NO FANS PRESENT in Páirc Uí Chaoimh. Tipperary donned in green and white jerseys. A late November date for a provincial senior football final.

Sunday will be a Munster showpiece like no other.

“The whole thing it is very, very strange,” admits Cork boss Ronan McCarthy.

“From lock down to there would be no GAA championship and I said to few of ye after the Louth match. that it’s surreal really the whole thing. The other side of that is people seem to want the games and are enjoying the game.

“Certainly from a players’ point of view it is strange but once they get into it and are playing a match they are not too worried about crowds or any of that. I suppose the message here is to keep it simple and whatever jerseys Tipp are wearing, the no crowd, it is still a game and we will prepare for it the same as the others.”

The last time Cork and Tipperary crossed paths with Munster silverware on the line, McCarthy was on the pitch for a two-game saga when the 2002 championship was settled.

“I actually was only talking to somebody about it today, we were absolutely blessed to get out of Thurles that day. Like, it’s amazing, Declan Browne gave an exhibition that day inside. Declan was a top, top class player, one of the best forwards in Munster in the last 30 years, no question about it.

“We never got control of the game, we were chasing it always and only for Colin Corkery on the day, at the other end, for us we’d have been beaten. By the time we were more focused and ready and they were probably a bit deflated having lost their chance. We beat them well the second day, Brendan Cummins actually played centre-forward that day for Tipp. They were a good side anyway but we were really lucky to get out of there with a draw.”

declan-browne-and-graham-canty-digital INPHO Declan Browne in action for Tipperary against Cork in 2002. INPHO

Cork’s usage of substitutes was thrown into sharp focus after the replay.

“There was a bit of hassle about that at the time,” recalls McCarthy.

“It was about a blood sub and I recall correctly, I was the blood sub that either came off or came on.

“But yeah, I remember there was a question that Cork would be thrown out of the Championship at the time. I don’t think it was ever a realistic proposition but I remember a big furore about it.”

A replacement took centre stage in Cork’s most recent outing as well. Mark Keane’s dramatic late intervention saw Cork snatch success from Kerry’s grasp in stunning fashion. It was a landmark victory for McCarthy’s group after years of struggle yet it wasn’t one they could toast that night.

“We did have a post match meal but again that is all sanitised. No, we did nothing and it is a pity. One of the first thing you say to players after a victory like that is that you remind them of the responsibilities in relation to making sure that they stay safe. If you are deemed a close contact at this stage, you are gone for the Munster final.
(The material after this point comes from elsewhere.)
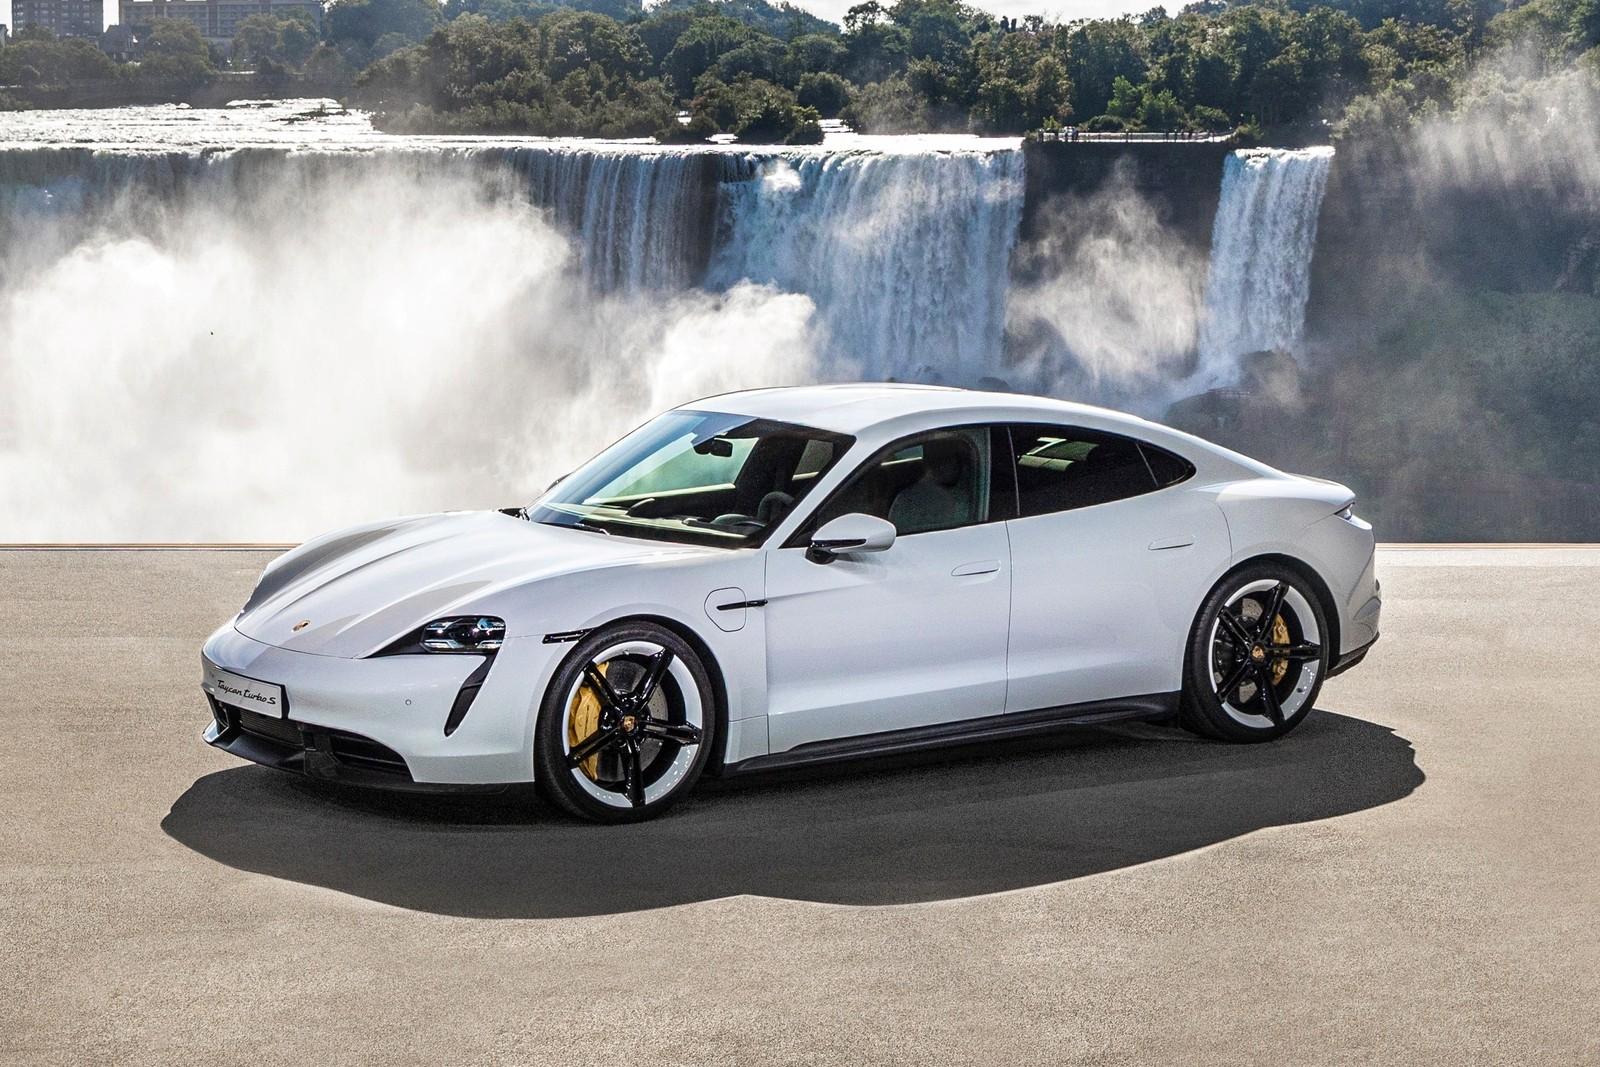 Porsche Taycan только 450 км на одной зарядке и гораздо дороже Теслы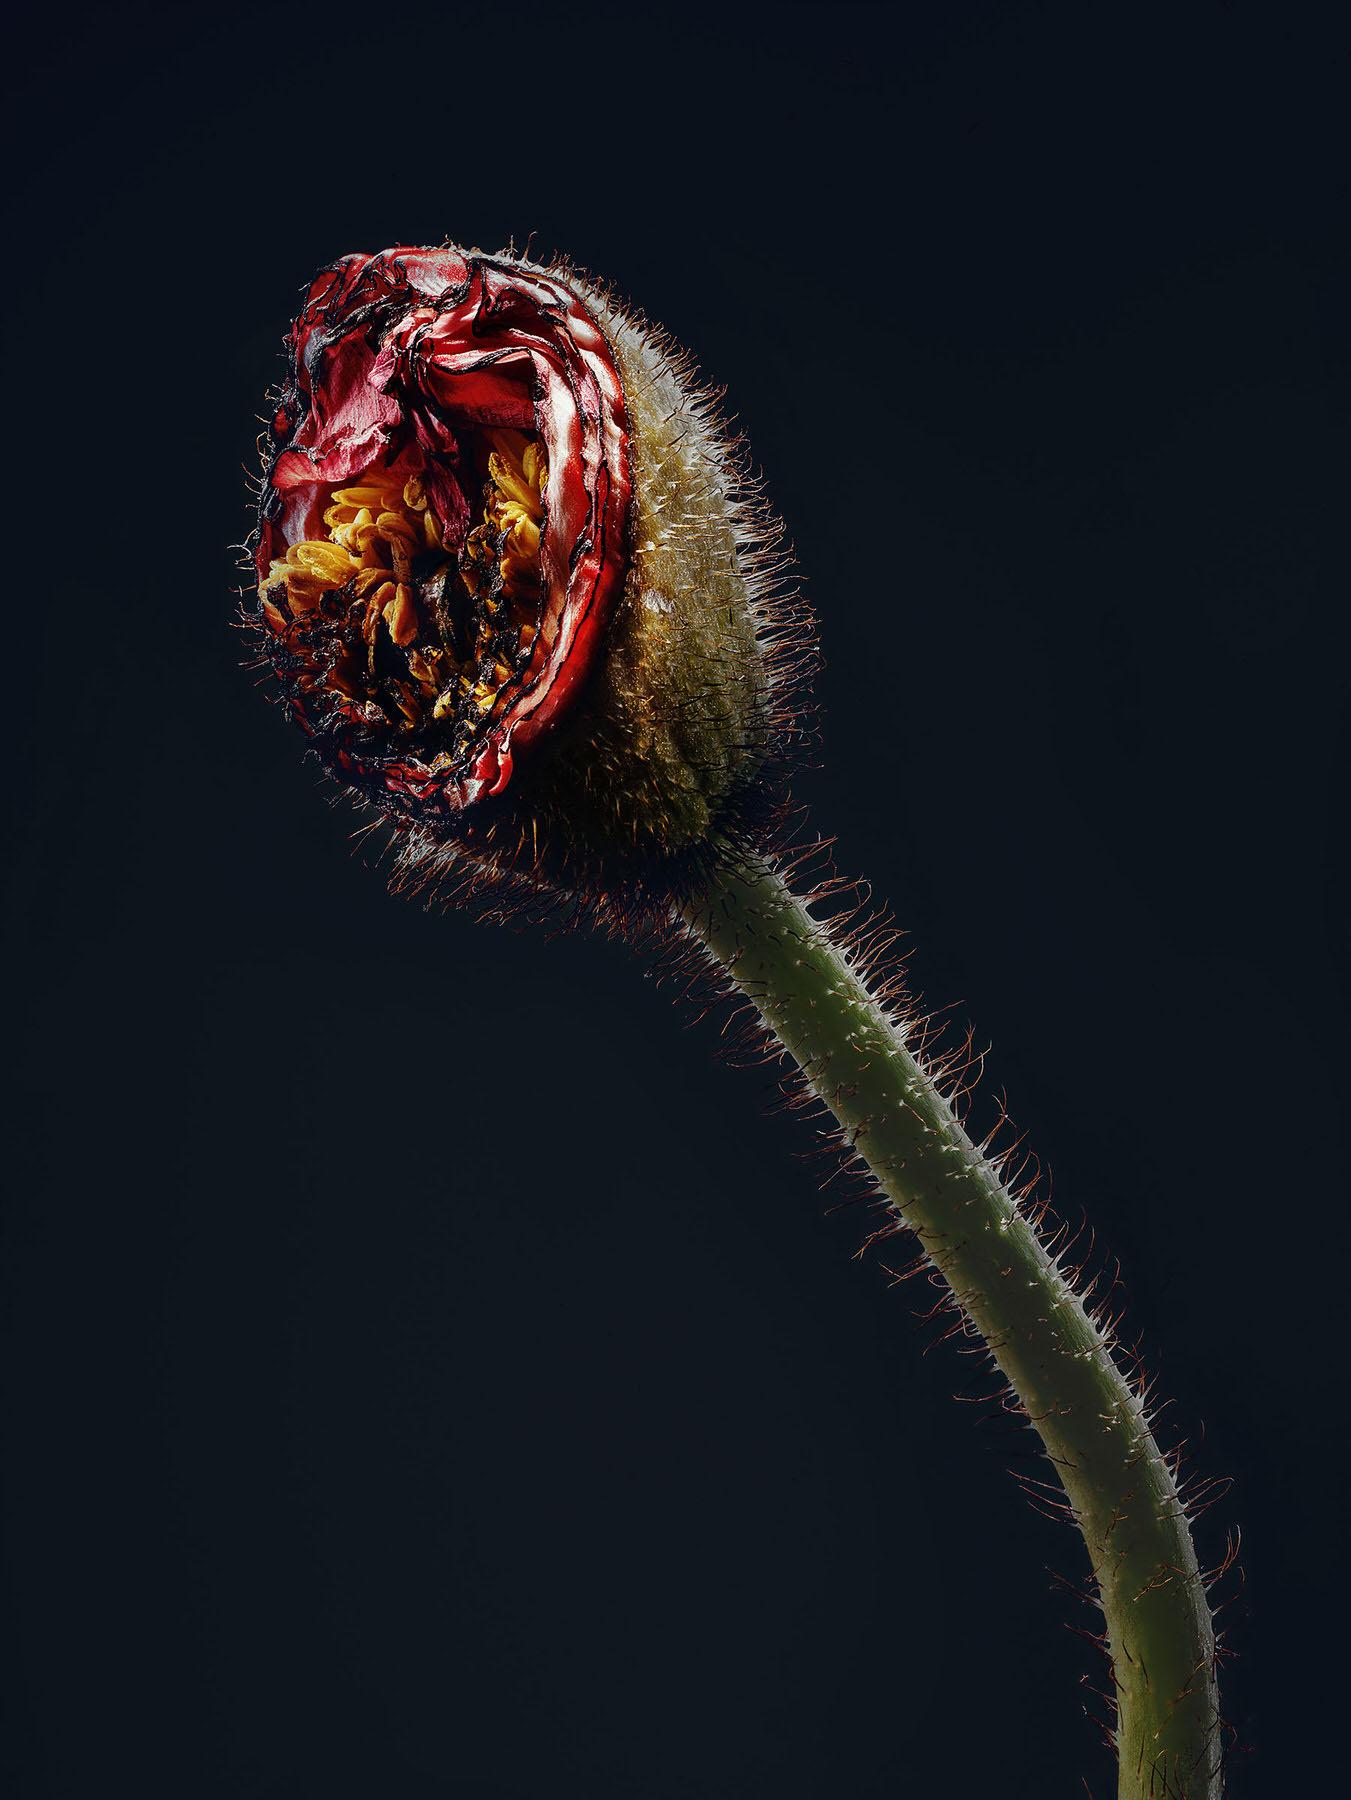 Simon_Puschmann_assaulted-flowers_papaver_01.jpg

“It was strange but it did not take anything away, and I think you could see that on the pitch, from the euphoria of winning. Ultimately wouldn’t it have been great if there was a Cork crowd there and if the young fellas were heading out. From the point of developing a group ethic, and they are a group of players that like being together, I would have like to have been able to let them out and be in each others company for a few hours but it did not happen.

“But there is nothing like the couple of minutes after you win a big match, you are together with your team-mates and they got that.”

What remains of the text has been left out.